Action: Become a domain expert (Quora). Become a news source (Twitter)
Invert presentations to be about the Customer
Since prospects have already done their homework via the web, you really don’t need to tell them about your company history. Instead make the presentation about the customer, their problems, and how your solution not just addresses the problem, but does so better than the competition. This means doing your homework in understanding the prospect.
If you can think on your feet, a good approach is to ditch the powerpoint and let them draw up on the white board their problem and solve it there and then with a totally customised presentation written out by hand. My 7 yr old can create cool graphics – there is no longer any competitive edge there. It’s all about the content.

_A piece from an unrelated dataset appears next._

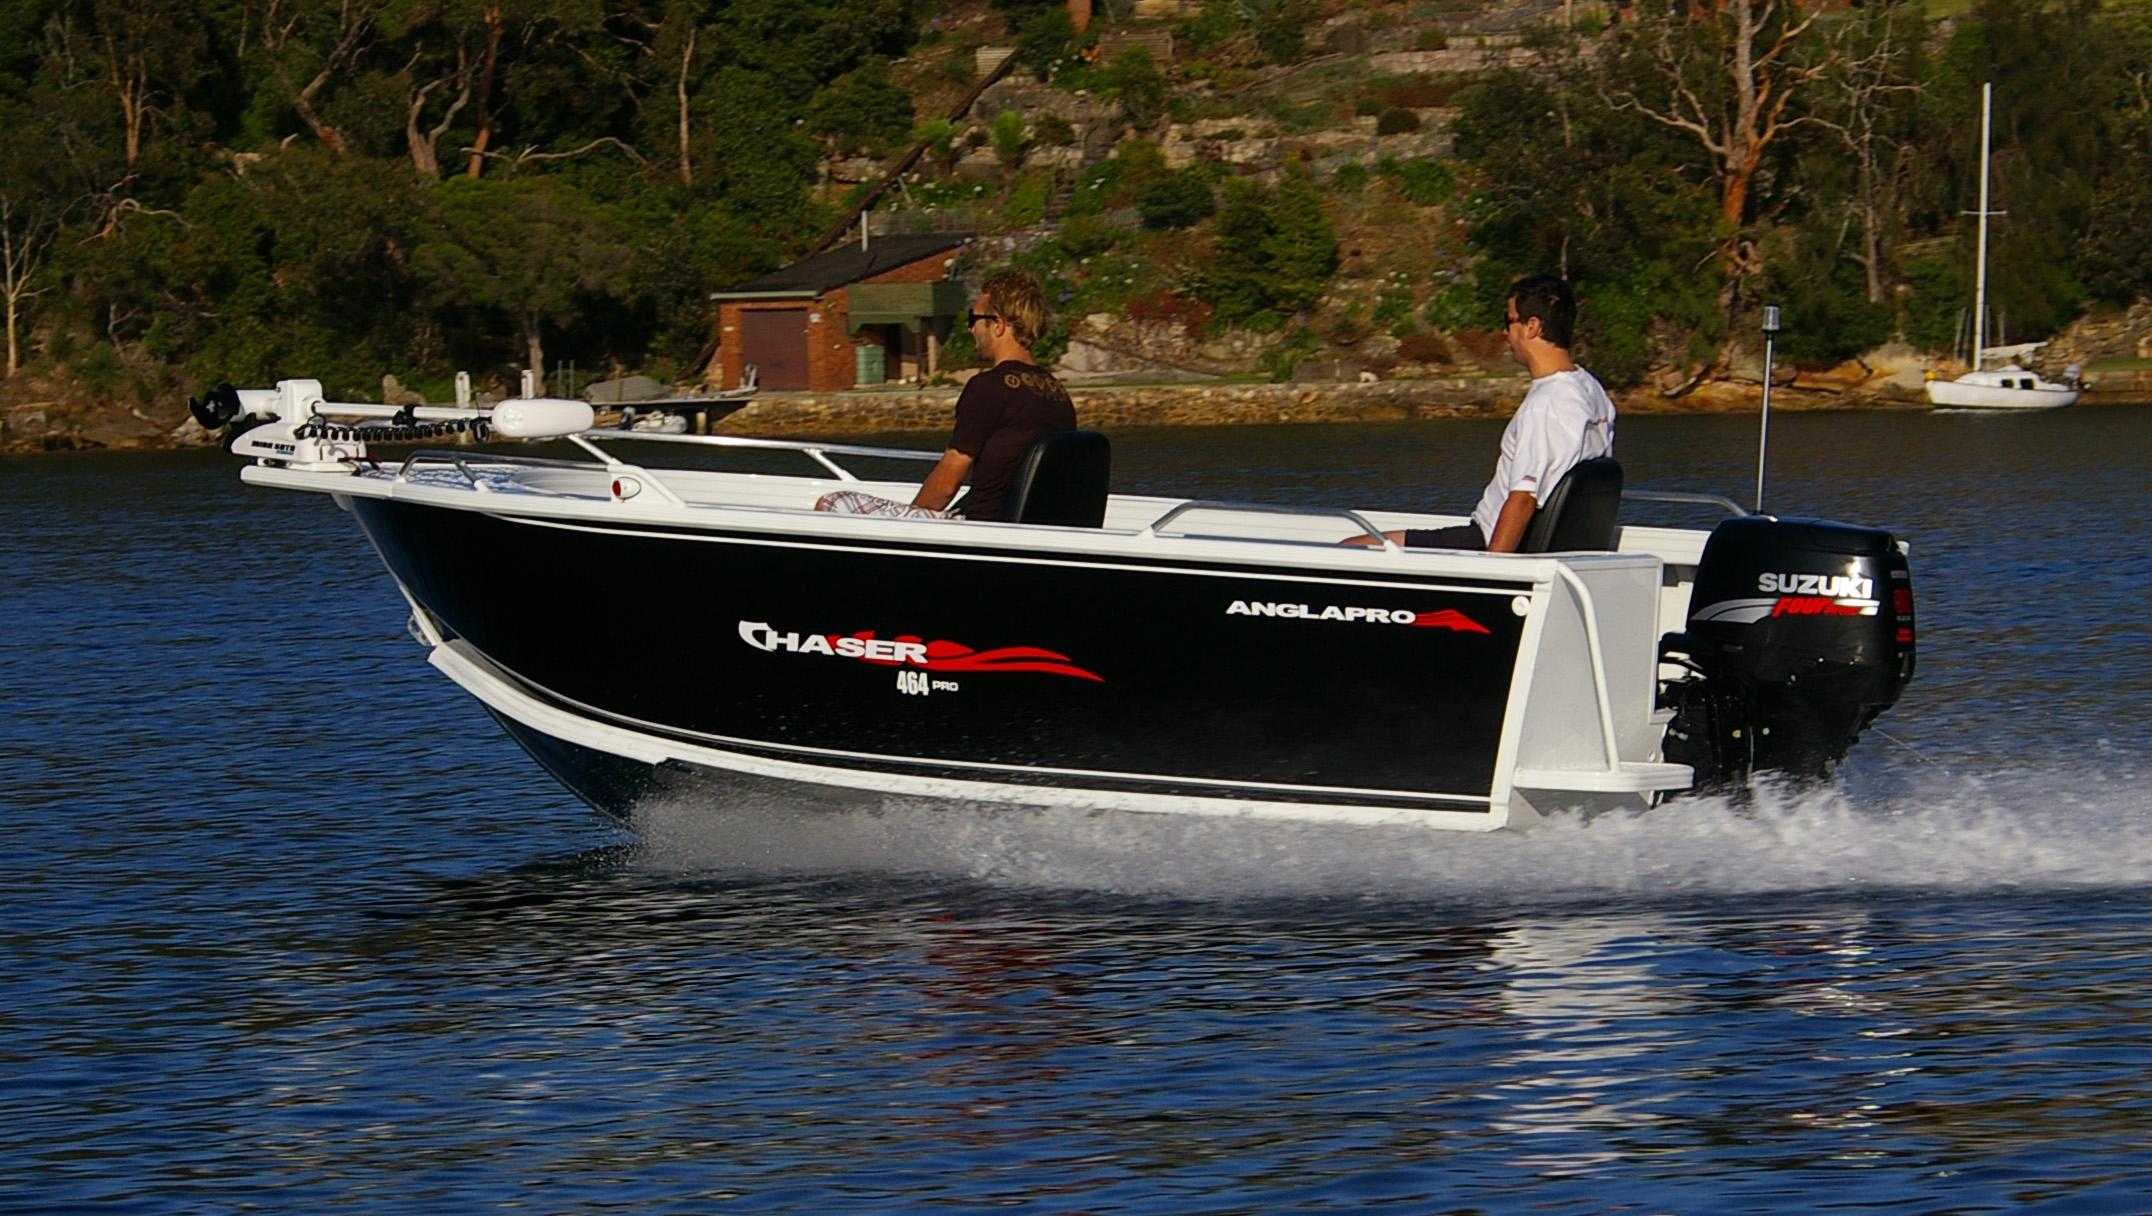 Chaser 464 PRO 050

Action: Practice ad-hoc presenting skills. Rewrite your “standard” deck. Drop the demo script and allow customers to steer.
Embrace Change
It’s not just about sales. Marketing has to change to, but in B2B, sales is uniquely positioned to lead that change. “Sales matters as much now as it always has; however, it appears to have lost some of its customer influence,” according to Gartner. “Creating a strong sales team that can orchestrate technical and industry resources is critical. These teams need to develop methods, both by questioning and through the use of technology, to understand the work buyers have done on their own and add value to that work to guide them toward a successful purchase. Sales teams that do this will help themselves and the providers they work for stand apart from their competition.”
Action: Trash the sales/marketing divide. Look at a single revenue generation process.